_The problem_
Once you reach the line that contains "Yankee Candle Pink Sands Giara Piccola", retype it and each later line exactly as written, stopping only at the end of the listing.
* * * * *
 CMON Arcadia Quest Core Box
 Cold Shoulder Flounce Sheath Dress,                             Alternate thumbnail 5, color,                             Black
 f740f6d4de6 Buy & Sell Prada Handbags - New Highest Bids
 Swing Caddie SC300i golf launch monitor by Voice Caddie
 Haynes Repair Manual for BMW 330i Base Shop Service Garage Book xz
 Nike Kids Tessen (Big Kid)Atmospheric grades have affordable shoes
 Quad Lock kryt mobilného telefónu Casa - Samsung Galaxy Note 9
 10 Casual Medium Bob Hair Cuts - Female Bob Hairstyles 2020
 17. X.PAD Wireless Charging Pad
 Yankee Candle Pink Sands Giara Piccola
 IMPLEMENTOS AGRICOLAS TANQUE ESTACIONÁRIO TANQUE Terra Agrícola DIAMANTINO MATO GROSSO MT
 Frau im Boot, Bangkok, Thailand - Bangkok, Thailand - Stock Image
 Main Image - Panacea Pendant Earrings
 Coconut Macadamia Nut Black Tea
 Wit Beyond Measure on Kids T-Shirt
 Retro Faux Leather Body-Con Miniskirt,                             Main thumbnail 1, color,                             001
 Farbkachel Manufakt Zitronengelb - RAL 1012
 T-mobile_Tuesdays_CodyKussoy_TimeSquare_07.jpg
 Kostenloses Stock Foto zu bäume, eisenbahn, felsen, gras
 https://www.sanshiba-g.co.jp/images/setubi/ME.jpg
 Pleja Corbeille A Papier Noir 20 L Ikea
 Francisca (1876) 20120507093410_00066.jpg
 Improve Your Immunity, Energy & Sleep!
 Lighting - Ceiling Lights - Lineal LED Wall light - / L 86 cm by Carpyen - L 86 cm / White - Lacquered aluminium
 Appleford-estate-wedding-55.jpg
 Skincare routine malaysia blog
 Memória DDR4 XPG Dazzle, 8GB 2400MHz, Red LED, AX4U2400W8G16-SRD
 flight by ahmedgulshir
* * * * *
_Written solution_
 Yankee Candle Pink Sands Giara Piccola
 IMPLEMENTOS AGRICOLAS TANQUE ESTACIONÁRIO TANQUE Terra Agrícola DIAMANTINO MATO GROSSO MT
 Frau im Boot, Bangkok, Thailand - Bangkok, Thailand - Stock Image
 Main Image - Panacea Pendant Earrings
 Coconut Macadamia Nut Black Tea
 Wit Beyond Measure on Kids T-Shirt
 Retro Faux Leather Body-Con Miniskirt,                             Main thumbnail 1, color,                             001
 Farbkachel Manufakt Zitronengelb - RAL 1012
 T-mobile_Tuesdays_CodyKussoy_TimeSquare_07.jpg
 Kostenloses Stock Foto zu bäume, eisenbahn, felsen, gras
 https://www.sanshiba-g.co.jp/images/setubi/ME.jpg
 Pleja Corbeille A Papier Noir 20 L Ikea
 Francisca (1876) 20120507093410_00066.jpg
 Improve Your Immunity, Energy & Sleep!
 Lighting - Ceiling Lights - Lineal LED Wall light - / L 86 cm by Carpyen - L 86 cm / White - Lacquered aluminium
 Appleford-estate-wedding-55.jpg
 Skincare routine malaysia blog
 Memória DDR4 XPG Dazzle, 8GB 2400MHz, Red LED, AX4U2400W8G16-SRD
 flight by ahmedgulshir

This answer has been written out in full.